Copying error leads to two-month wait for warning sirens

By Mark Noack [ mark@hmbreview.com ]
Published/Last Modified on Wednesday, Jul 02, 2008 - 01:10:19 pm PDT

Efforts to put two tsunami warning sirens in Half Moon Bay have been delayed for the second time after a California Environmental Quality Act study.

Originally scheduled for last week’s Planning Commission meeting, discussion of the two sirens was delayed after officials discovered a copying error that cut off the back pages of an appendix to the CEQA study.

Planning Director Steve Flint said city officials decided they had to postpone the Planning Commission review until August after discovering the error. That will allow them enough time to circulate the full copy to the various state agencies and get feedback.

But for Jim Asche, a manager at the San Mateo County Office of Emergency Services, this is another delay for an application he sent in more than a year ago.

“It’s unfortunate,” he said. “Half Moon Bay is one of the first places we purchased for the sirens. It’s just a little more red tape.

“They’re going through with this very cautiously and slow,” Asche said. “Half Moon Bay does considerably more staff work than other areas.”

The two sirens for the city would both be placed off Highway 1, one on the north side of the Nurserymen’s Exchange property, and the other by the south side of the sewer treatment facility.

Four other warning sirens have already been approved and installed along the Coastside: two in Pacifica, one in El Granada and one in Princeton. Asche says those sirens took about six to eight months to gain approval.

Chairman Tom Roman of the Planning Commission says that the two Half Moon Bay sirens were originally delayed in February because former City Attorney Adam Lindgren believed that a CEQA study was necessary.

Jimmy Benjamin, a resident who lives close to one of the proposed siren sites, requested the CEQA study. Benjamin said the sirens were poorly located because the sound would not carry over to the city center or to the beach.

The CEQA study, consisting of more than a hundred pages, took months for city planning staff to put together and submit to state agencies.

Roman discovered that the report was missing pages, leading him and his colleagues on the commission to delay the siren review. Nonetheless, planning commissioners say the missing pages went unnoticed by all the state agencies that received the report.

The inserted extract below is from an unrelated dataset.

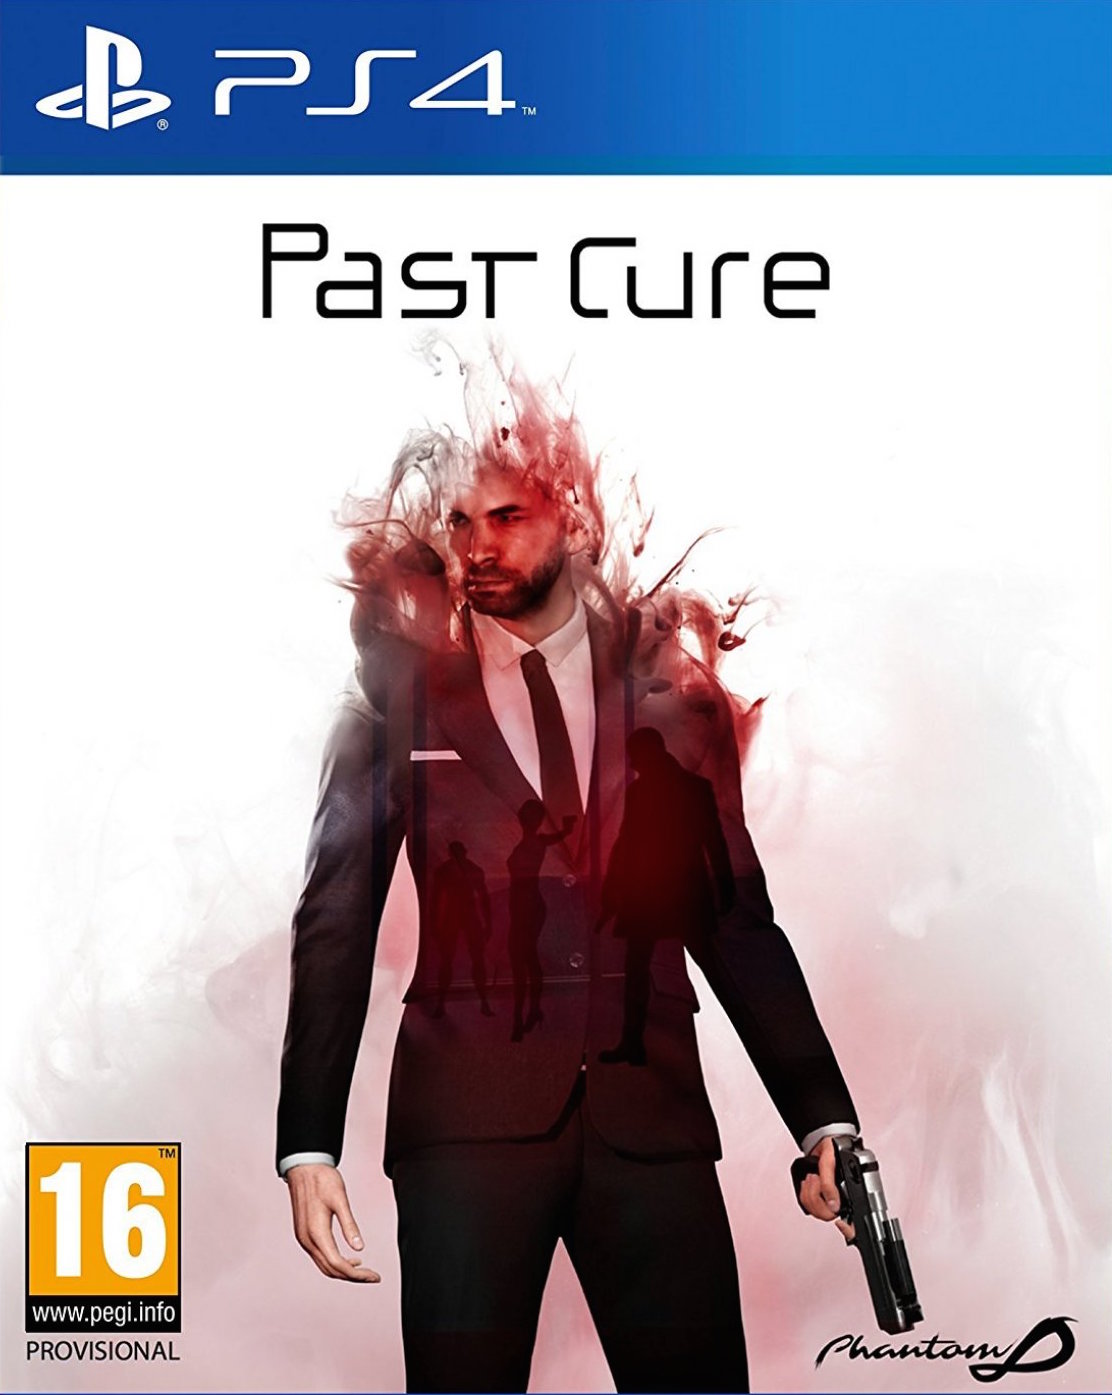 Past Cure (PS4), Phantom D
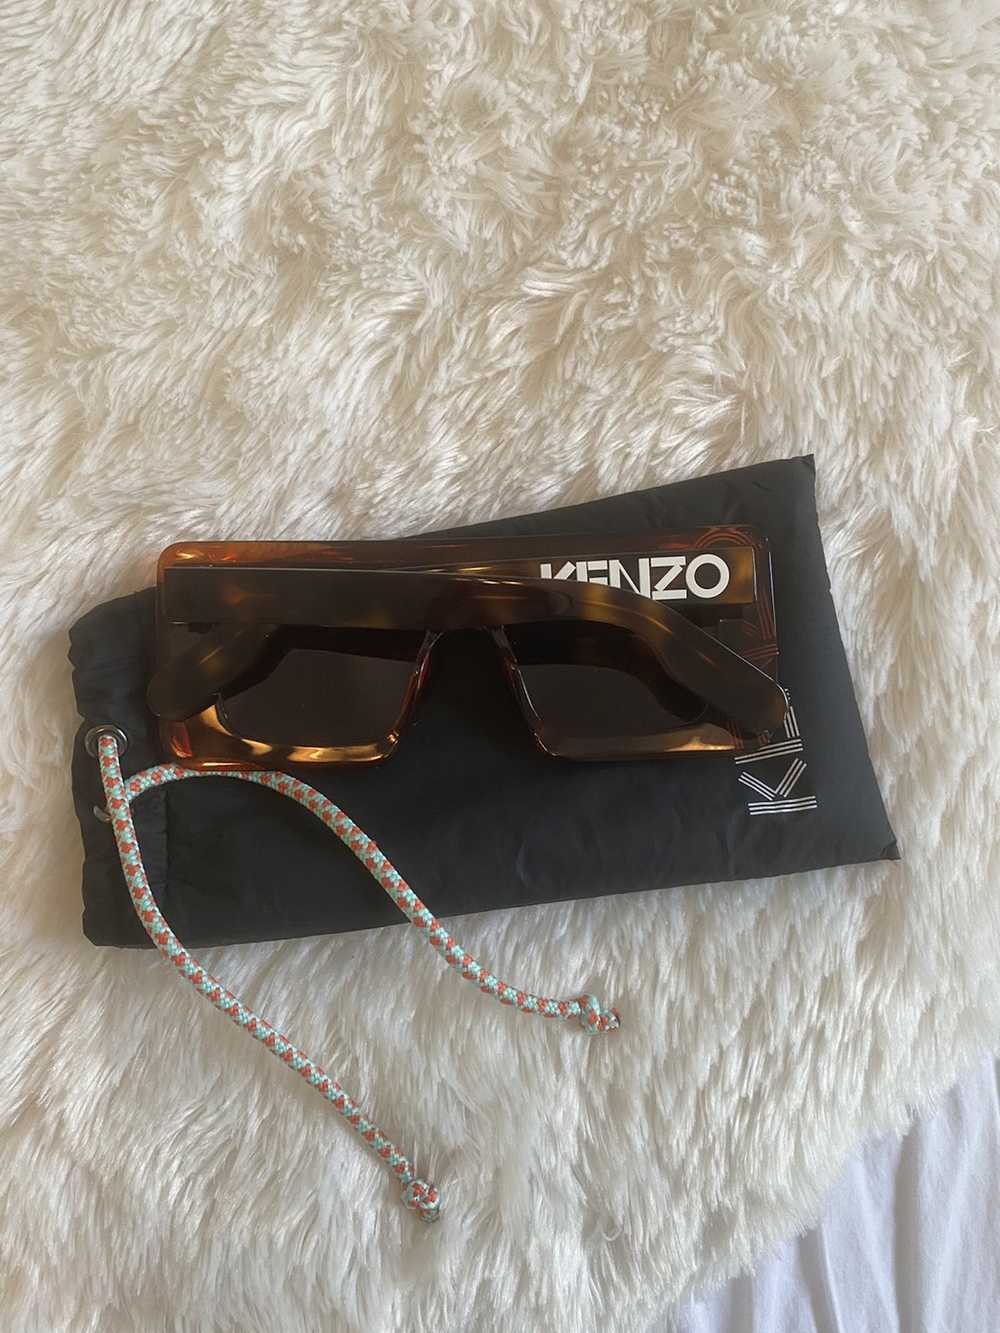 Kenzo Kenzo sunglasses - image 2

Asche says he isn’t troubled by this second round of delays; he is confident the sirens will be approved when the Planning Commission returns to look at the plans at its August meeting.

Some of the new emergency sirens are replacing the former civil defense sirens from the Cold War days, Asche said.

“I chuckled that when they put those in back in the ‘50s and ‘60s, they just put them in,” he said. “There was no Coastal Commission, or negative declarations or anything.”